What you have to do:
The whole listing is to be given again without alteration, except that its pictures are dropped.

Input data:

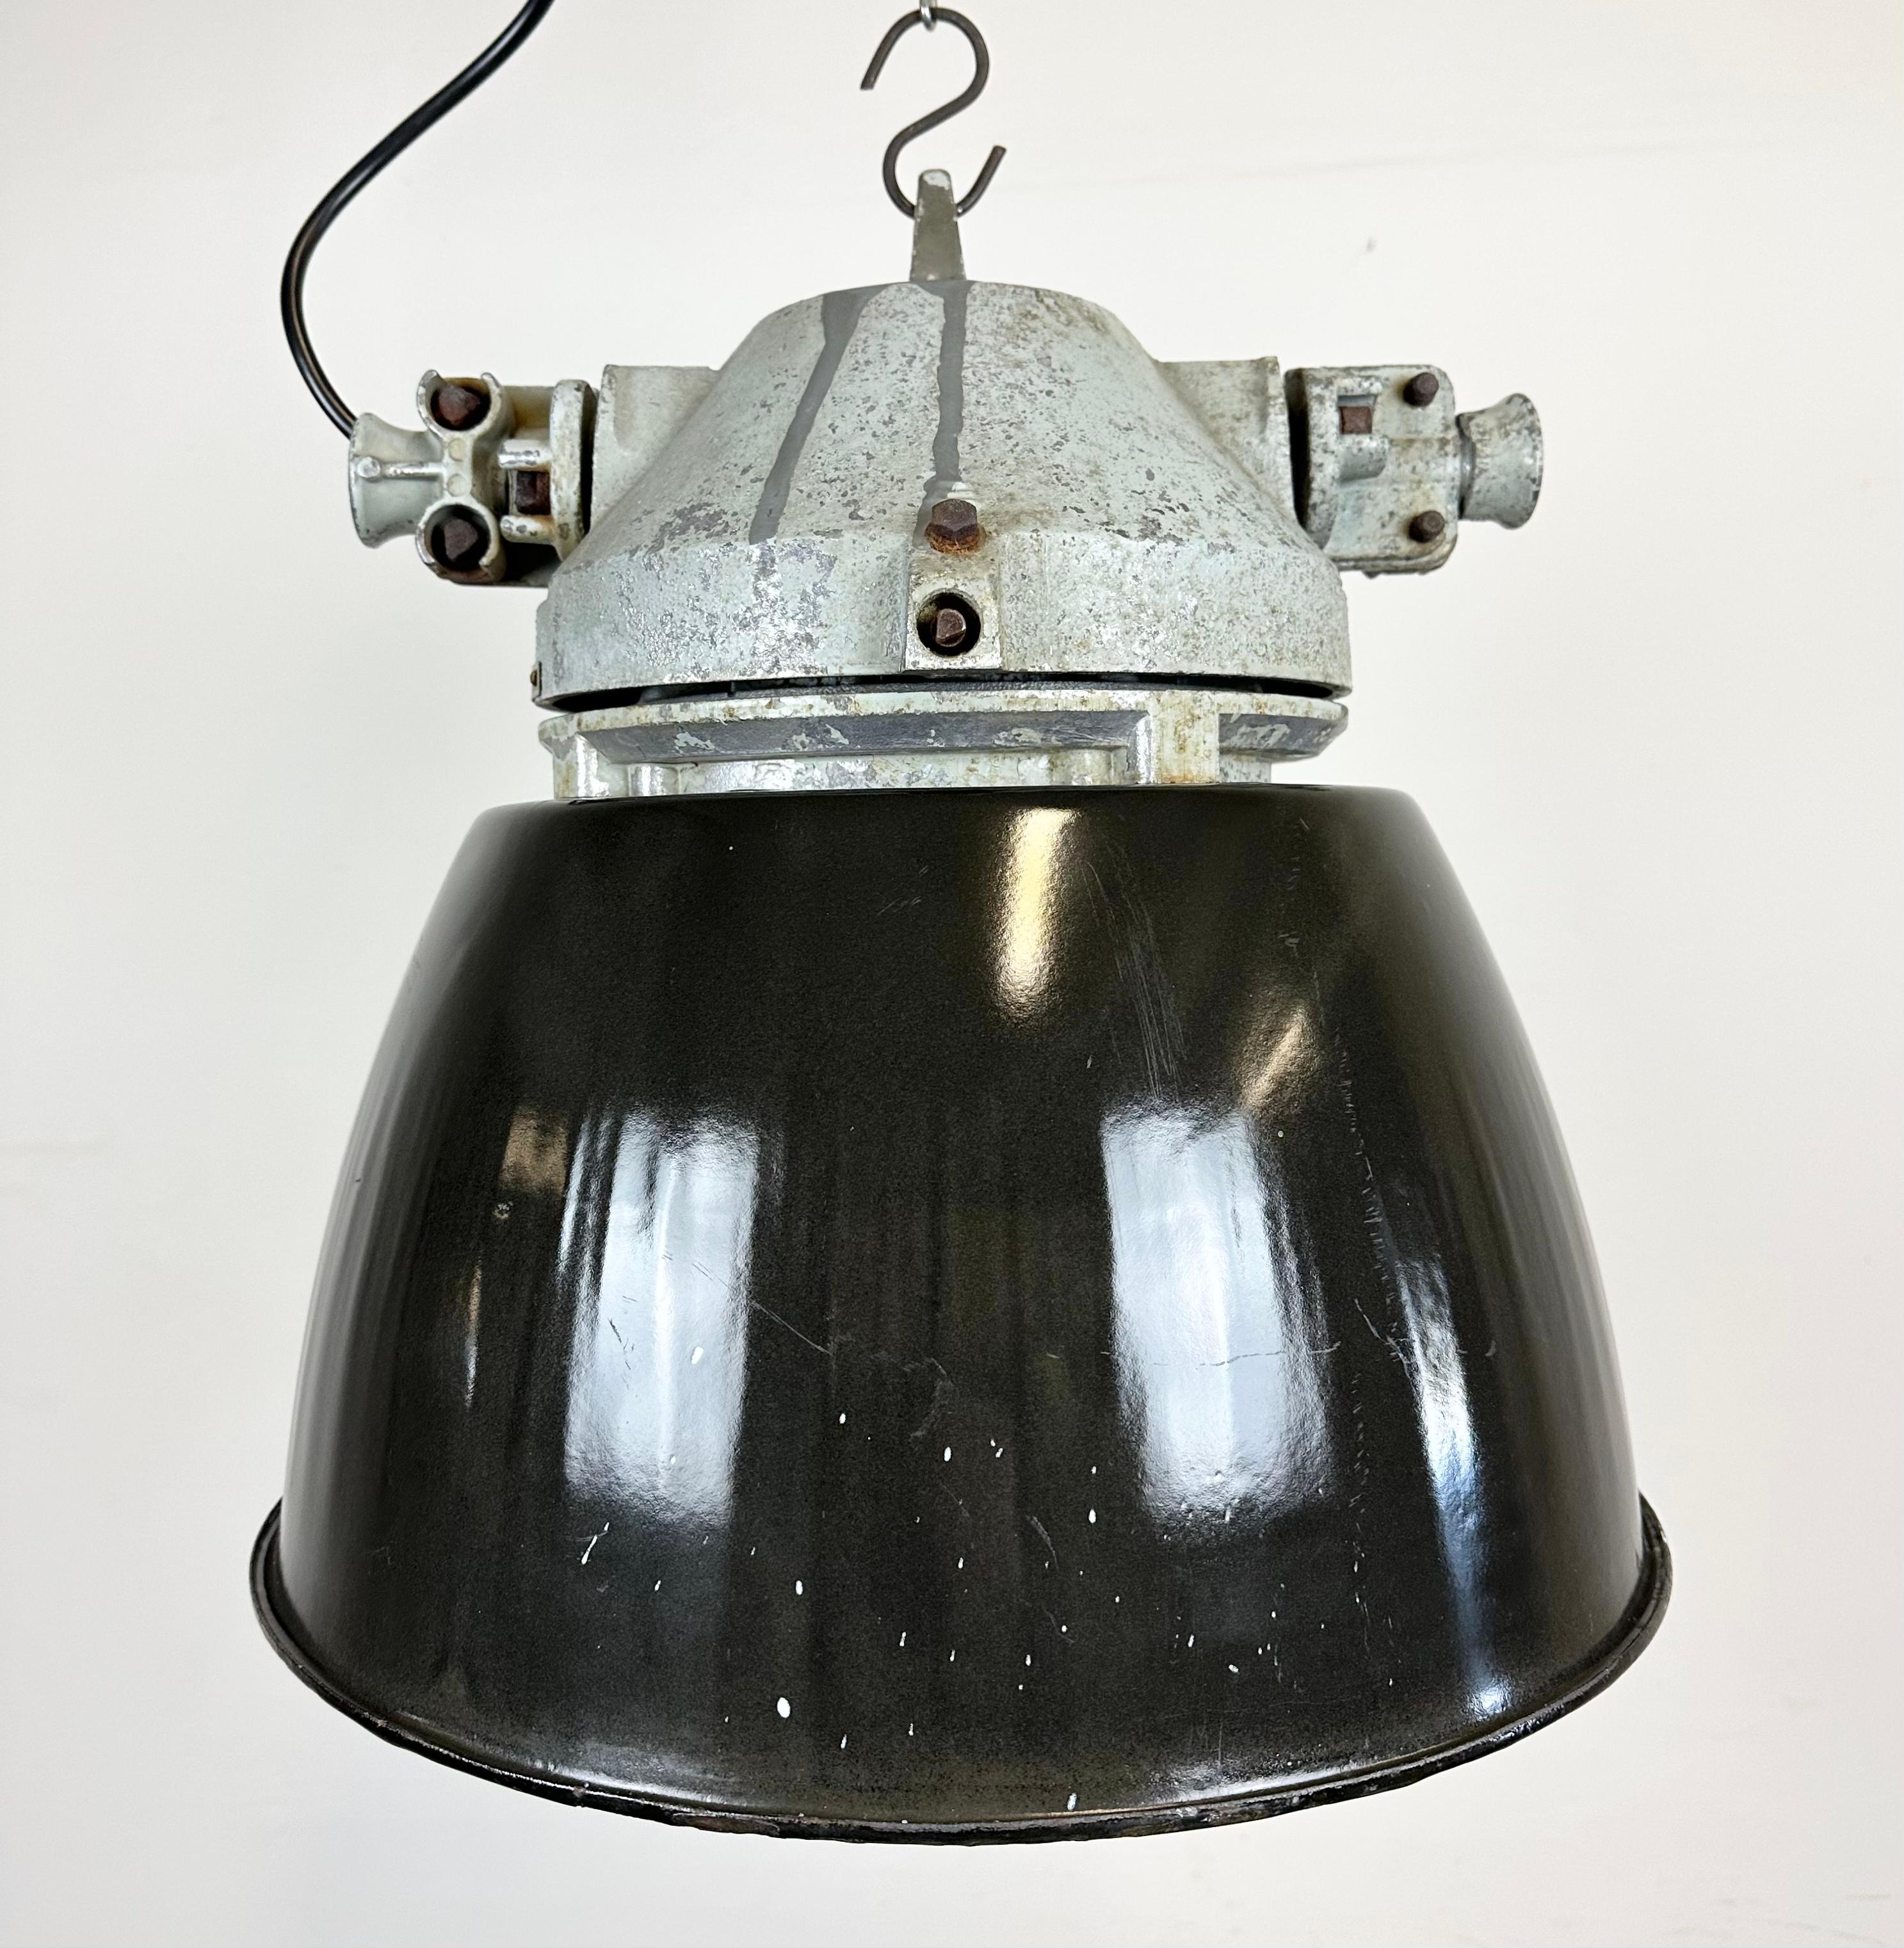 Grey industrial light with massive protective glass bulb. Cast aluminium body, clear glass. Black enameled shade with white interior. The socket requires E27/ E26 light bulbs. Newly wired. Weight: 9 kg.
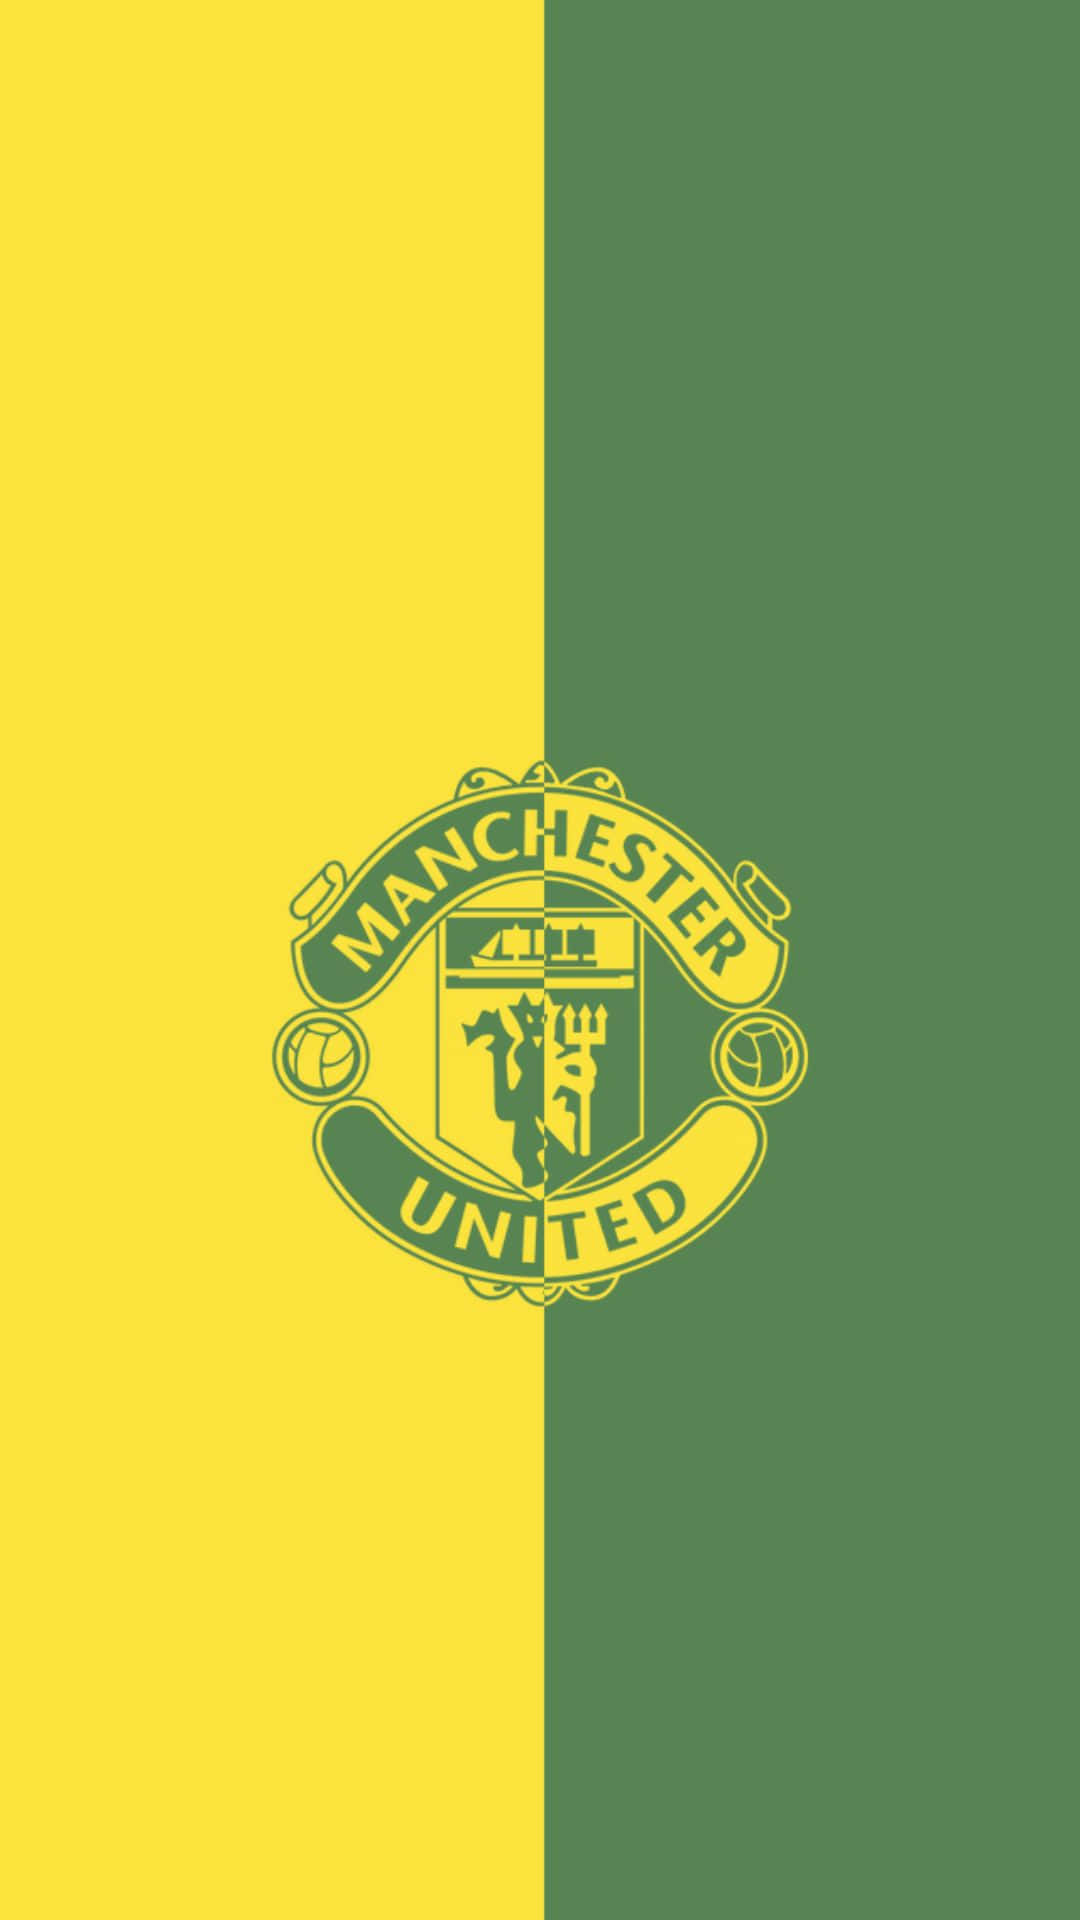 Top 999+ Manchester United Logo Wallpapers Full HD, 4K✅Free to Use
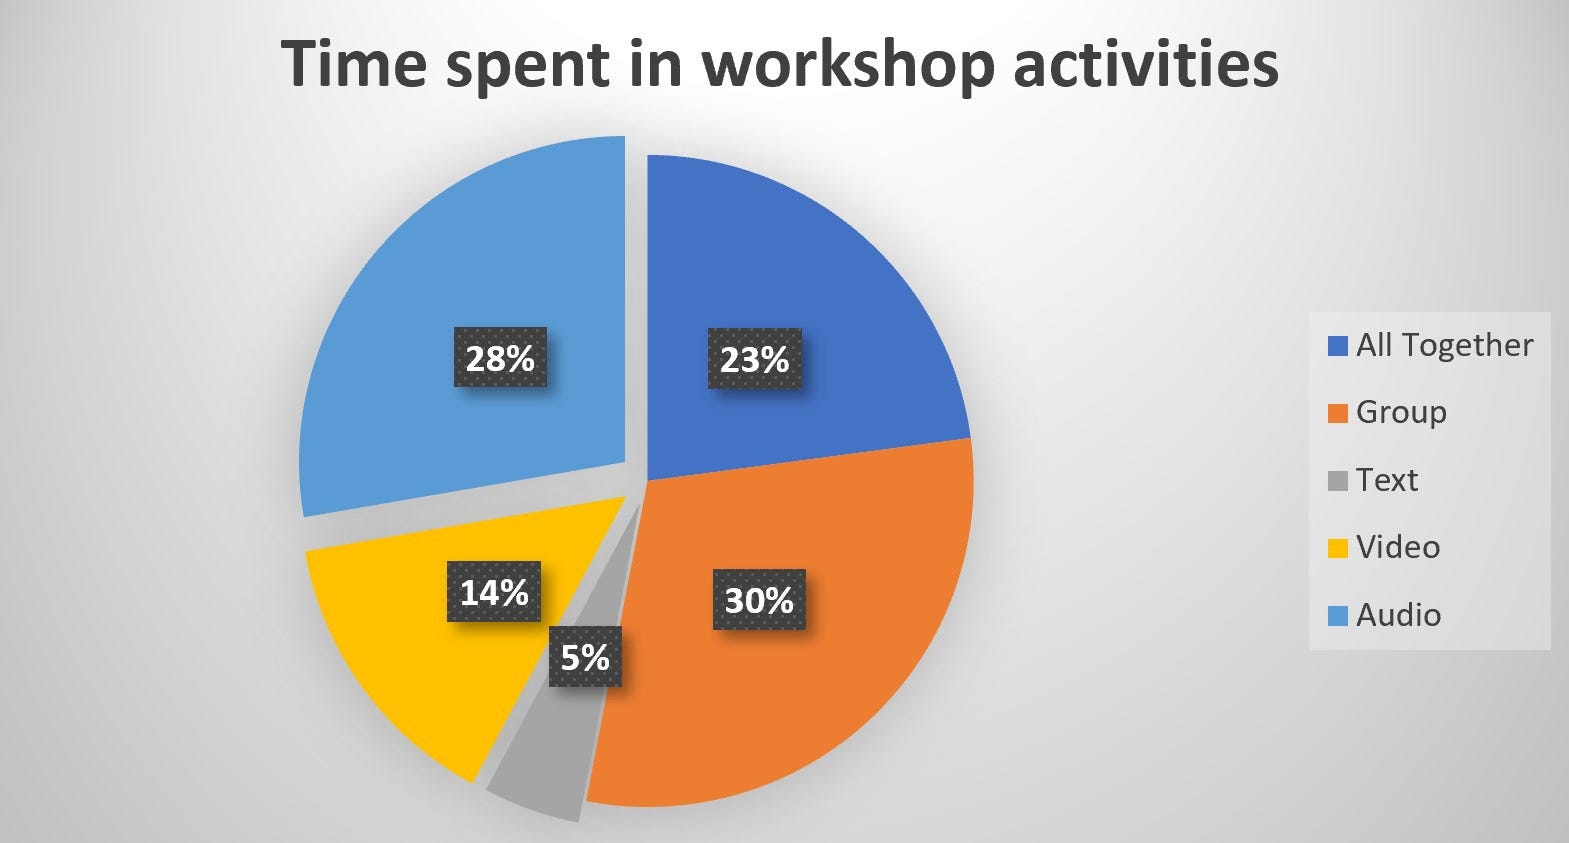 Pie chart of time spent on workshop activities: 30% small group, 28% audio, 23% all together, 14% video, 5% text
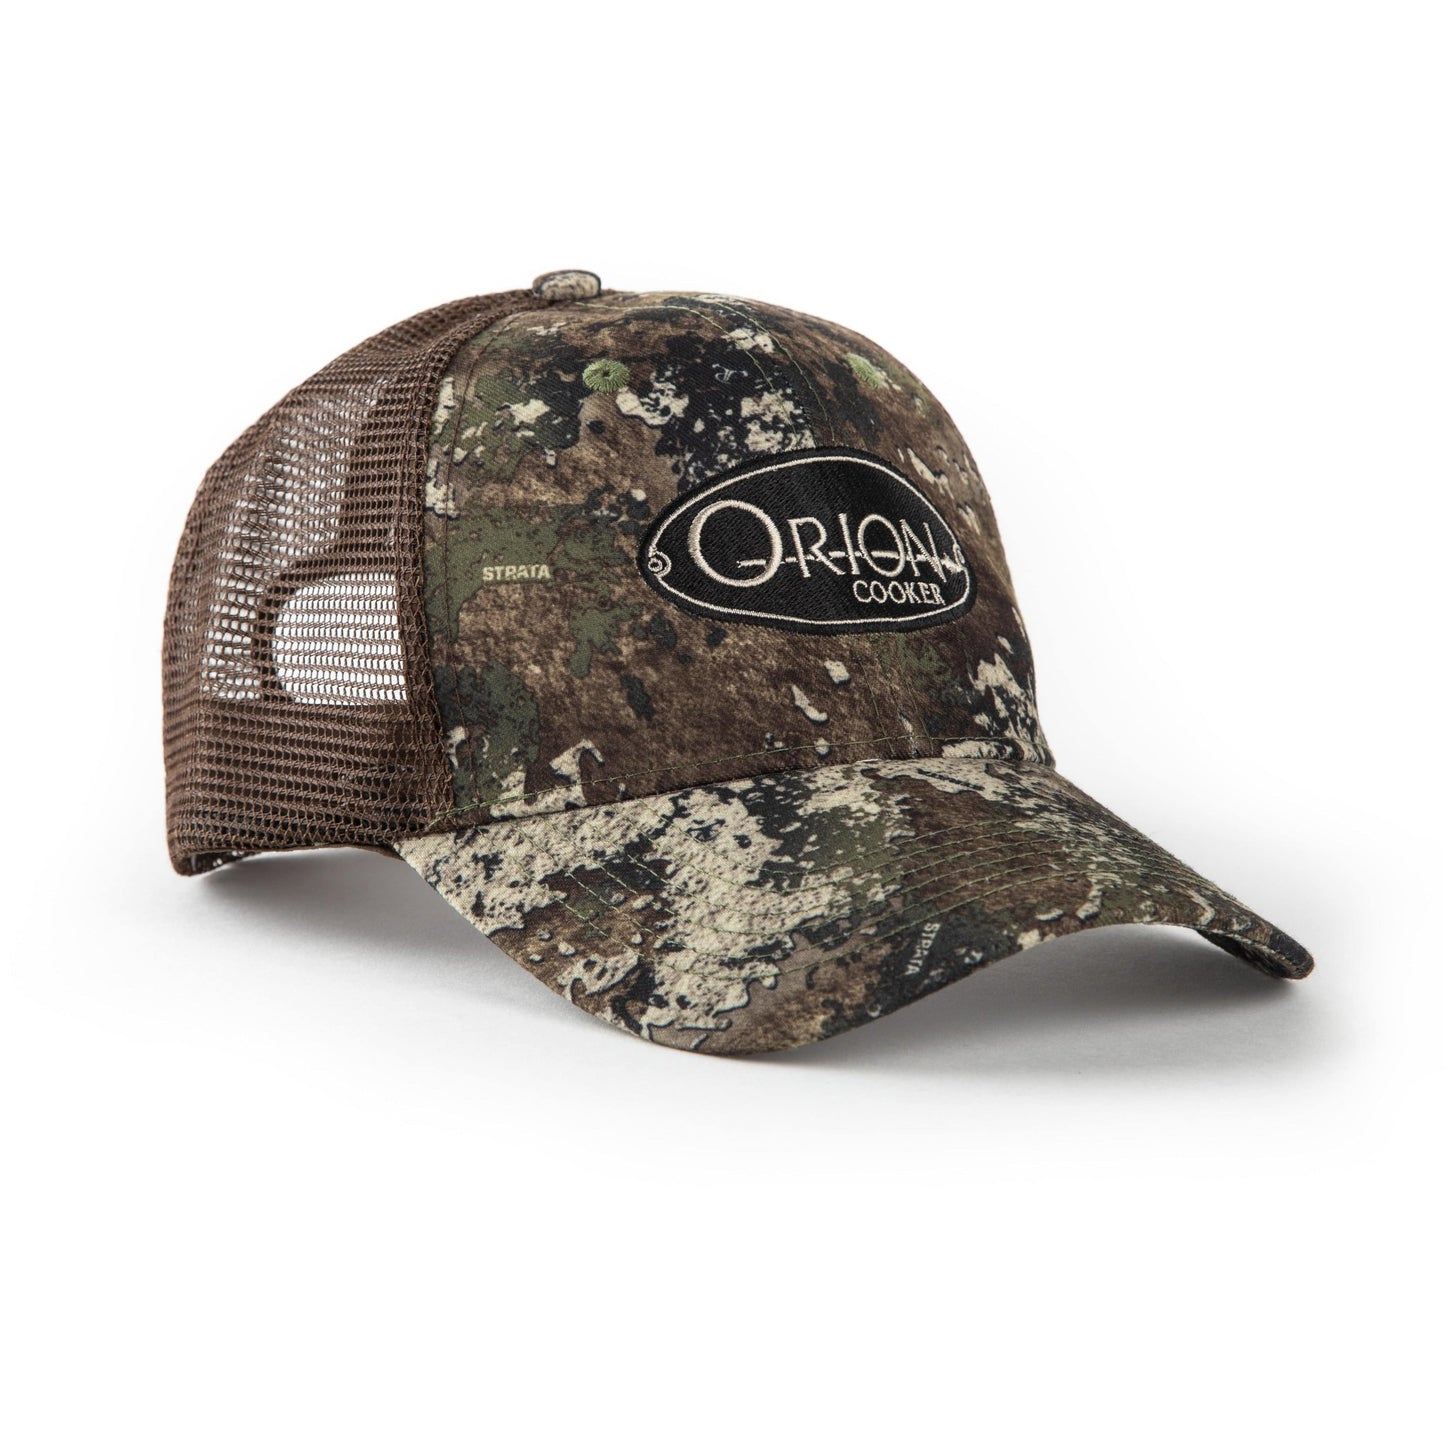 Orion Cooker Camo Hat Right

Response box:
 Grey industrial light with massive protective glass bulb. Cast aluminium body, clear glass. Black enameled shade with white interior. The socket requires E27/ E26 light bulbs. Newly wired. Weight: 9 kg.
 Top 999+ Manchester United Logo Wallpapers Full HD, 4K✅Free to Use
 Pie chart of time spent on workshop activities: 30% small group, 28% audio, 23% all together, 14% video, 5% text
 Orion Cooker Camo Hat Right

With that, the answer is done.